Looking Ahead: The AI Dilemma
In recent months, questions have surfaced about how sustainable the AI boom really is, particularly for large technology companies whose stock prices depend heavily on AI’s success. Comparisons to the dot-com/broadband era have surfaced, fueled by massive spending on data centers and increasingly complex relationships between private AI firms and public companies. At times, this has created unease and added volatility in certain stocks.
We view these conversations as healthy. It’s important to understand how much is being invested in AI, how those investments are funded, and whether these investments will ultimately pay off. While we have reasonable insight into the first two, there is little visibility into the long-term returns these investments will generate.
AI is often compared to the Industrial Revolution or the rise of the Internet. If that comparison holds, the true impact will extend well beyond technology companies. According to Blackrock, labor accounts for 55% of the cost for U.S. business, and AI has the potential to improve labor productivity across many industries, driving down costs. Financial Services, Healthcare, and Industrial companies are likely to benefit early as they thoughtfully incorporate AI into their operations.
The key question remains: will businesses and consumers find enough value in AI to support today’s level of investment? With more than one-third of the S&P 500 tied to the future of AI and U.S. large-cap stocks comprising a meaningful share of most portfolios, how we manage this exposure matters. It’s something we’ve been thinking about carefully and intentionally as we steward your investments.
How We’re Positioning Portfolios
We anchor our approach with a few core beliefs:
- AI is transformative and will remain an important theme over the next several years.
- Its greatest benefit will come through improved productivity and profitability across the broader economy.
- There will be winners and losers, which means volatility is likely to continue among the most visible AI names.
Over time, we expect leadership in the market to broaden beyond the largest companies building AI infrastructure, as more industries begin to benefit from its use. This doesn’t require a sharp pullback in today’s AI leaders, although that can certainly happen. History offers a useful perspective: following the Internet and broadband boom of the late 1990s, sector performance diverged sharply. While the S&P 500 fell 38% from 2000 to 2002, declines were concentrated in Technology and Communications Services. By contrast, Financials and Healthcare slipped just 2% and Consumer Staples gained 5% in this same timeframe. On the other hand, a more gradual shift as other sectors gain momentum is not out of the question.
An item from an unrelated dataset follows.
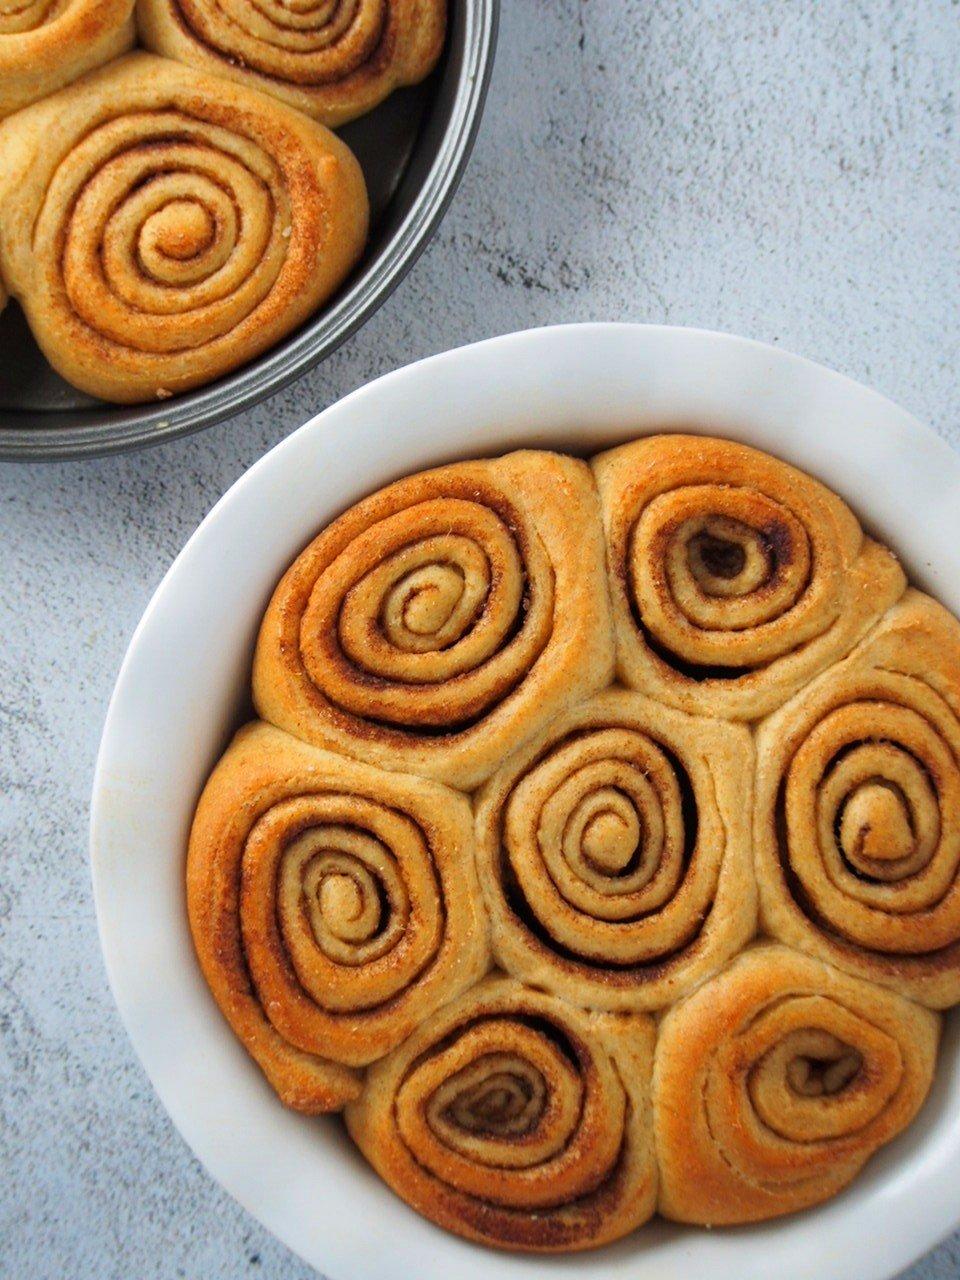 Freshly baked Whole wheat cinnamon rolls ready for the caramel glaze.

Regardless of magnitude, the timing of these shifts is impossible to predict and we focus on thoughtful positioning rather than trying to time the market.
In client portfolios, we continue to use the Vanguard S&P 500 ETF (VOO) as a core building block for U.S. large-cap exposure. To avoid over-concentration in the biggest AI-driven stocks, we complement it with the Vanguard Value ETF (VTV). This gently tilts exposure toward Financials, Healthcare, and Industrials—areas we believe are well positioned to benefit as AI becomes more widely adopted.
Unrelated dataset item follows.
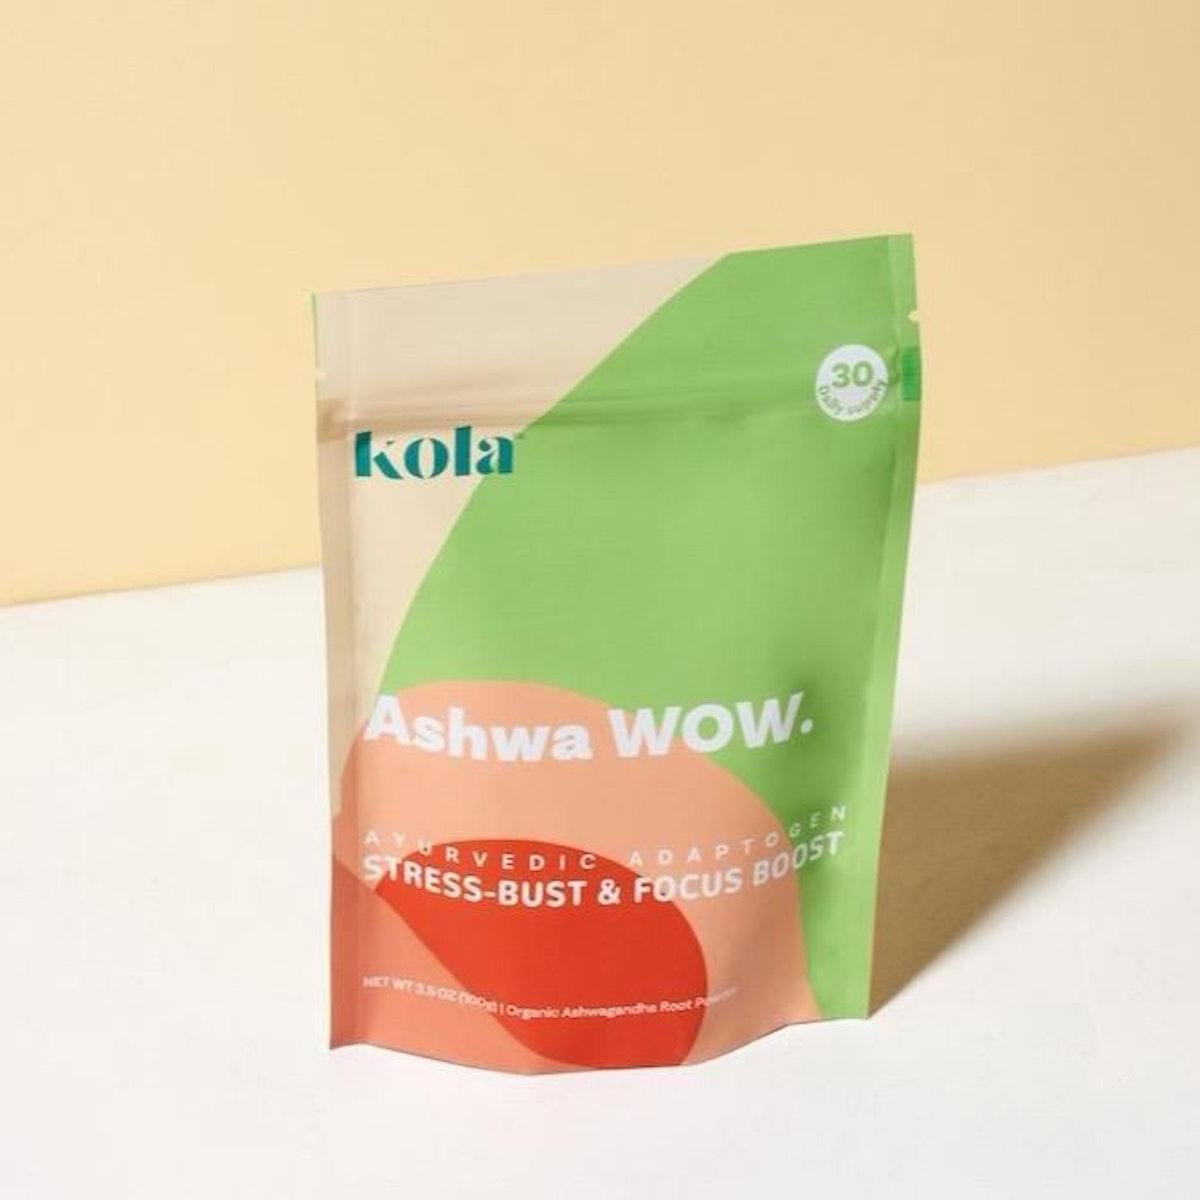 Ashwa-WOW: image 1

Looking to small and midcaps, on average, we expect these companies to take longer to integrate and ultimately see benefits from AI. Having benefited less from the recent hype, they could outperform the S&P 500 if an AI-related market correction were to occur. On the margin, however, the resumption of interest rate cuts from the Fed is more important for these stocks.
We continue to believe that global diversification is warranted, along with exposure to a basket of specialty ETFs that includes the iShares Global Infrastructure ETF (IGF) and the Goldman Sachs Physical Gold ETF (AAAU)
Credit spreads remain near record lows, signaling investor confidence, though we’re watching for any cracks in credit quality. Private credit remains the go-to for riskier borrowers hunting for funding. Two private credit bankruptcies in September, First Brands (an auto parts manufacturer) and Tricolor (a subprime auto lender and dealership) appear isolated for the time being.
As always, our goal is to participate in long-term innovation while staying grounded, diversified, and aligned with your broader financial goals.